Viva la mugre state of mind

Está claro que tengo manías. Si, ya sé, pero intentaré hablar de la mugre como estilo de vida y de un show de tv.


Aggie Mackenzie y Kim Burnwood, muy fasiones ellas


Sari ( http://fabricafabrica.blogspot.com/)me enseñó este programa de la BBC. La BBC, como es muy lista e inglesa, además de entretener con sus programas de TV busca educar sutilmente.
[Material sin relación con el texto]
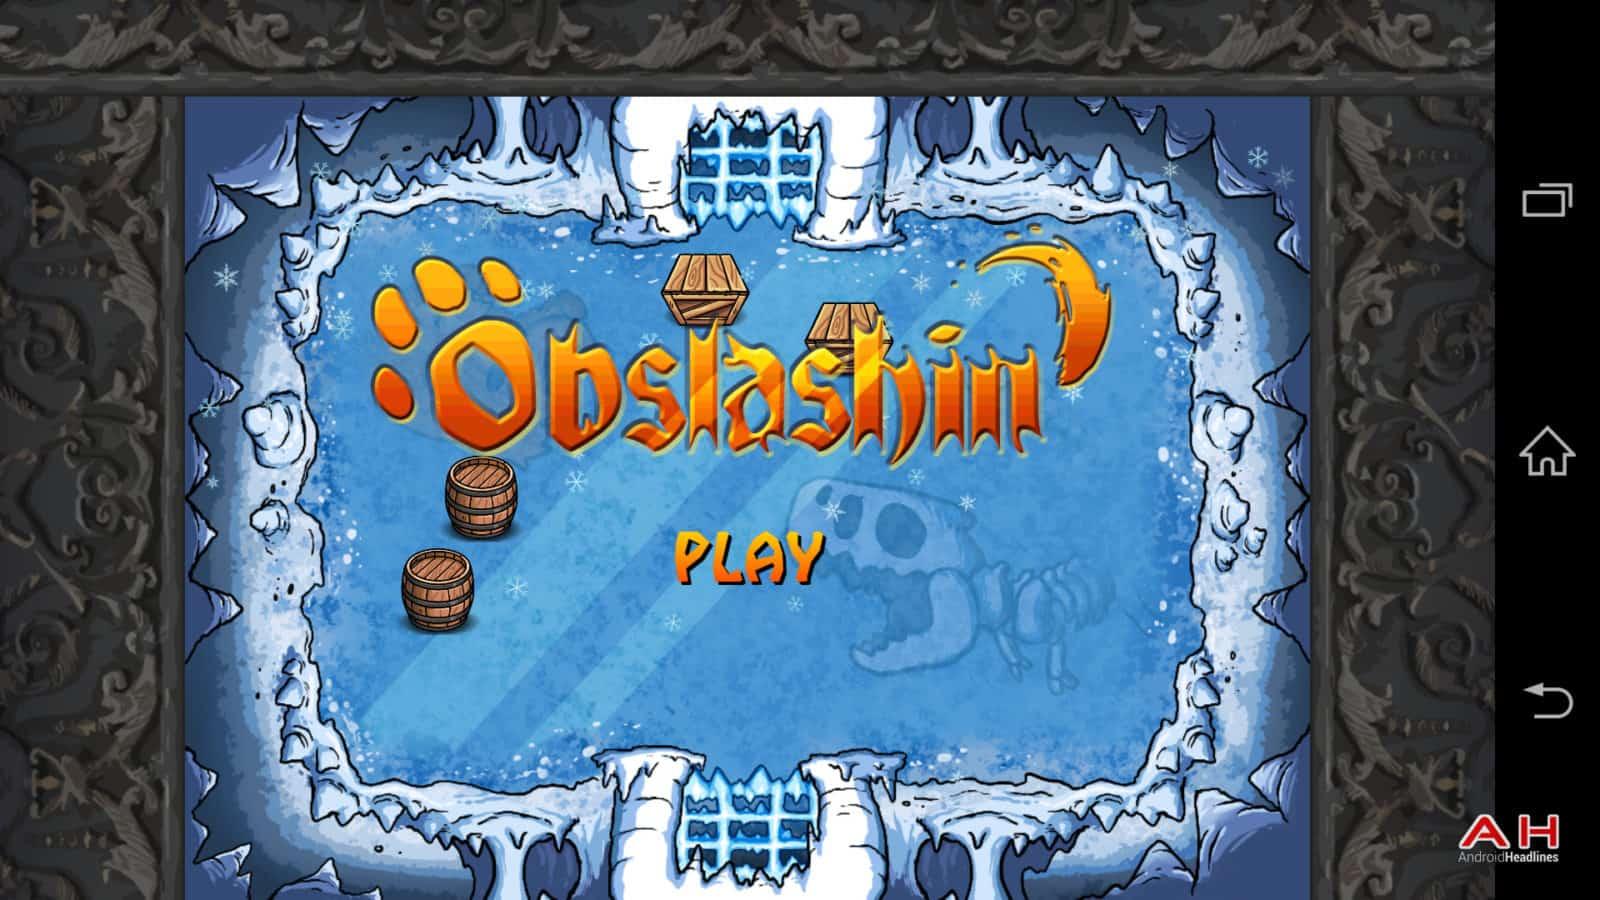 AH Obslashin'-7

A través de este show llamado "How Clean is your house?" Aggie Mackenzie y Kim Burnwood, dos absoluteley lovley british ladies hacen tremenda labor y visitan personas (que han sido denunciadas por familiares y/o amigos) cuyas casas están en estados insólitos de abandono y mugre.


El programa no sólo se trata de morbosear alrededor de la basura de estas personas, sino enseñárles tanto a ellos como al público varios puntos:


1. Mostrar al televidente cómo limpiar lugares específicos de la casa de manera económica y megaefectiva (como por ejemplo un lavabo de porcelana que no ha sido lavado en 10 años usando únicamente una toronja partida a la mitad y bicarbonato de sódio).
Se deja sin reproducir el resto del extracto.